──────── Raw data ────────

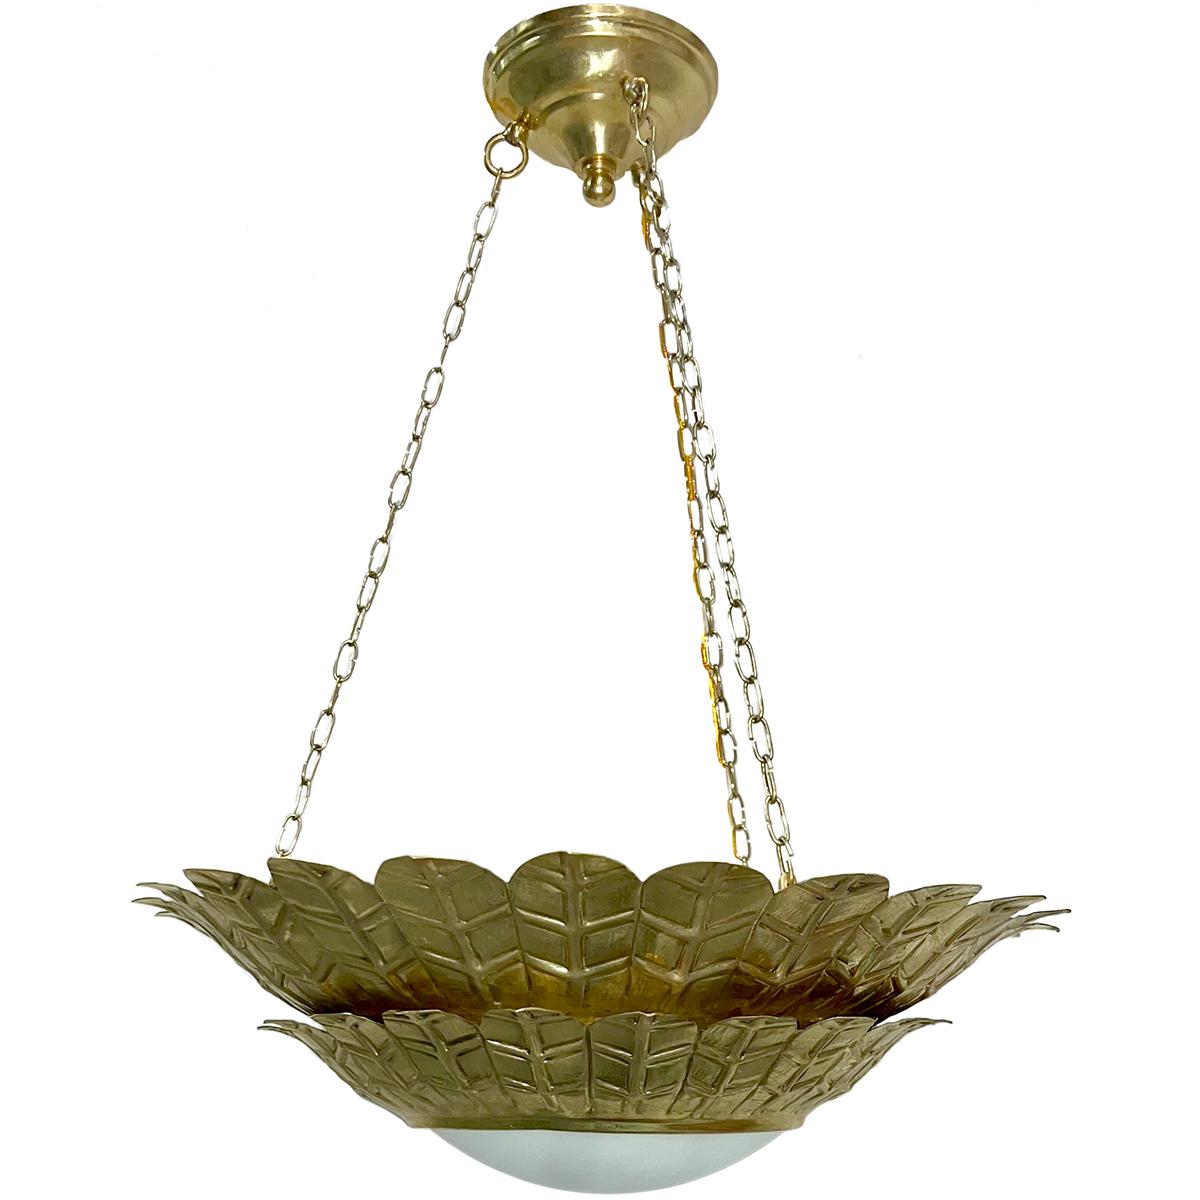 Set of 6 French 1940s double-tiered repousse' gilt light fixtures with interior lights. Sold individually.

Measurements:
Diameter 18

────────

Exercise — Every line of the material is to be quoted exactly, with no pictures carried over.

Task answer —
 Set of 6 French 1940s double-tiered repousse' gilt light fixtures with interior lights. Sold individually.

Measurements:
Diameter 18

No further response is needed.